|||(1, 2) Applied Mathematics School - Fundação Getúlio Vargas.|
|||Law School - Fundação Getúlio Vargas.|
Large collections of text data represent a substantial challenge for the extraction of relevant bits of information to feed later statistical analysis and visualization pipelines.
The peculiarities of the knowledge domain of such a task often requires the implementation of custom code to handle certain tasks. The expressivity of the Python language, combined with its vast ecosystem of packages to handle almost any task imaginable, made it the best tool for the job, among the alternatives considered. Also, the high development productity which is possible with Python cannot be matched by any other solution.

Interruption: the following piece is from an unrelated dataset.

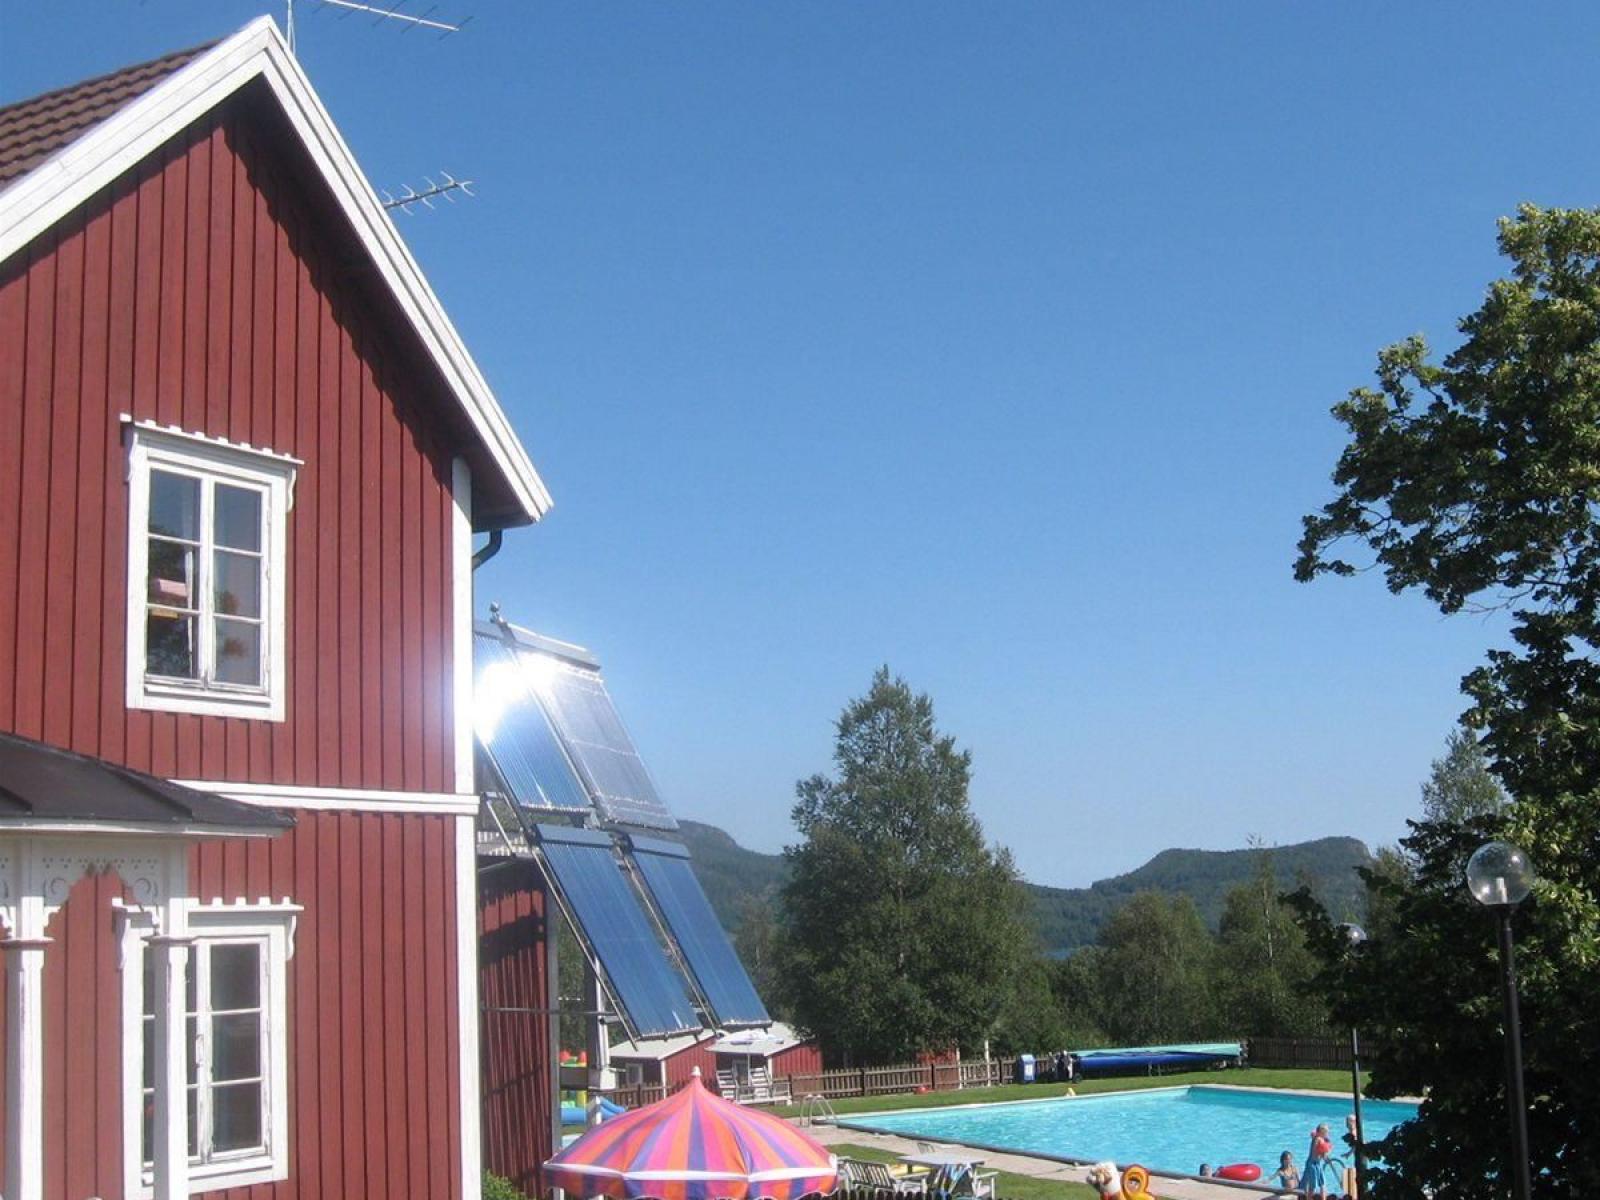 I anslutning till  Kustladans restaurang ligger docksta vandrahem och camping med pool, hoppborg och minigolf. På fredagar anordnas dans på logen hela sommaren. 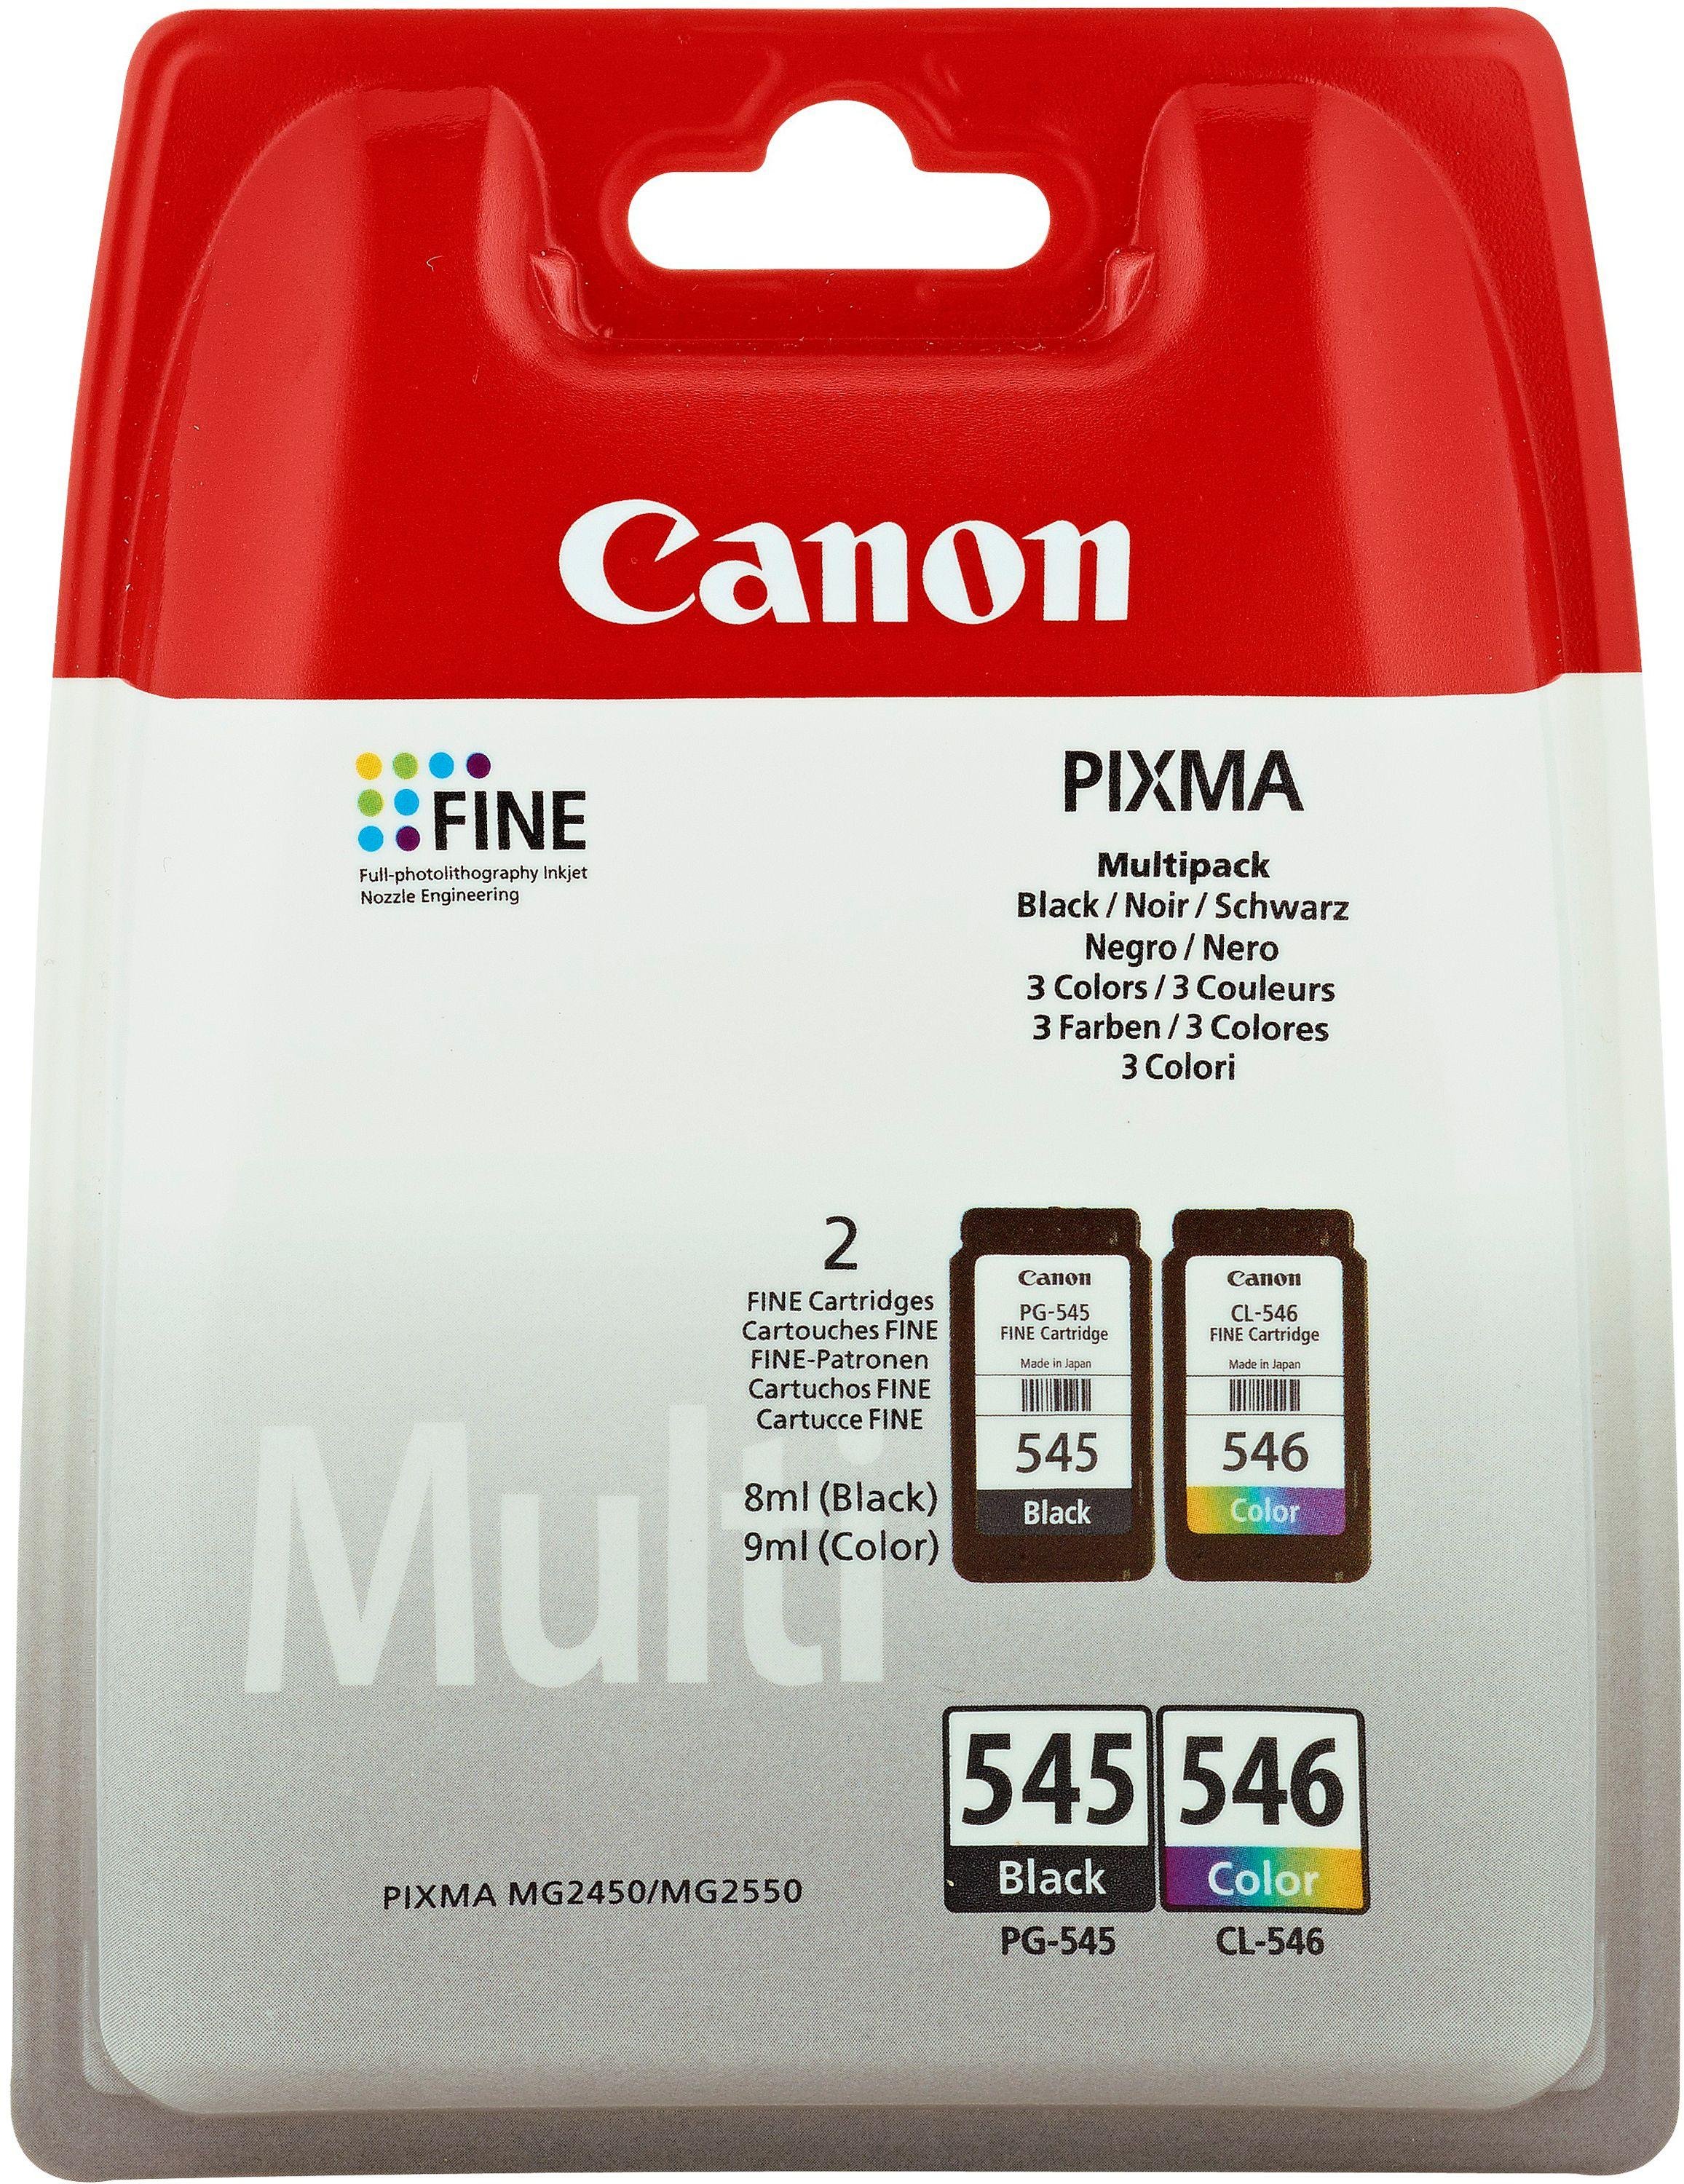 Canon PG-545 & CL-546 Ink Cartridges Black & Colour Review

Our challenge started with the the parsing of approximately 1.2 million legal case reports in html format scraped from the Brazilian Supreme Court website. For this stage urllib2 and Beautiful Soup were the main tools. The documents were parsed, segmented and stored in multiple tables of a MariaDb database.
The next big problem was to extract specific information from the yet larger collection of text fragments derived from the original documents. Information like names, dates, locations, legal citations, etc. Such bits would form the base of the quantitative analysis yet to come. Here, the main tools were the the re module, and the MySQLdb module, as we took advantage of the ability of MySQLdb to pipe highly optimized "raw" SQL queries to the MariaDb server. In fact, the lightness of the MySQLdb module allowed us to develop, almost seamlessly, both in Python and SQL, keeping heavier data reorganizations tasks in the database, therefore maintaining the performance of our Python pipelines.
Another branch of our analysis, which is still in development, is the application of natural language processing techniques to try to elicit and "understand" the "meaning" of some portions of the texts. For that we intend to make heavy use of tools such as the Natural Language Toolkit (NLTK) and full text search engines such as Sphinxsearch, which has a Python API and is integrated into MAriaDb.
On the visualization side, Python shined again. We have barely scratched the possibilities available for constructing visualizations programatically from Python. We've been using Matplotlib for all summary plots of the data, such as line plots, histograms etc. Location specific data was visualized using the xml.dom.minidom module to generate KML files. A large portion of the visualizations also involved building graphs (networks) to connect various informations pieces extracted from the texts. Due to the size and complexity of our dataset, graphs with hundreds of thousand (and sometimes many more) nodes were common and were handled without trouble by the NetworkX package and visualized interactively from Ubigraph, controlled via XMLRPC from Python.
In this talk we intend to give details about the main challenges we've had overcome by the use of Python tools; discuss the most useful tools applied; show some of the resulting visualizations and discuss future directions for the project, which aim to make use of a even larger array of Python tools for text mining, data analysis and visualization.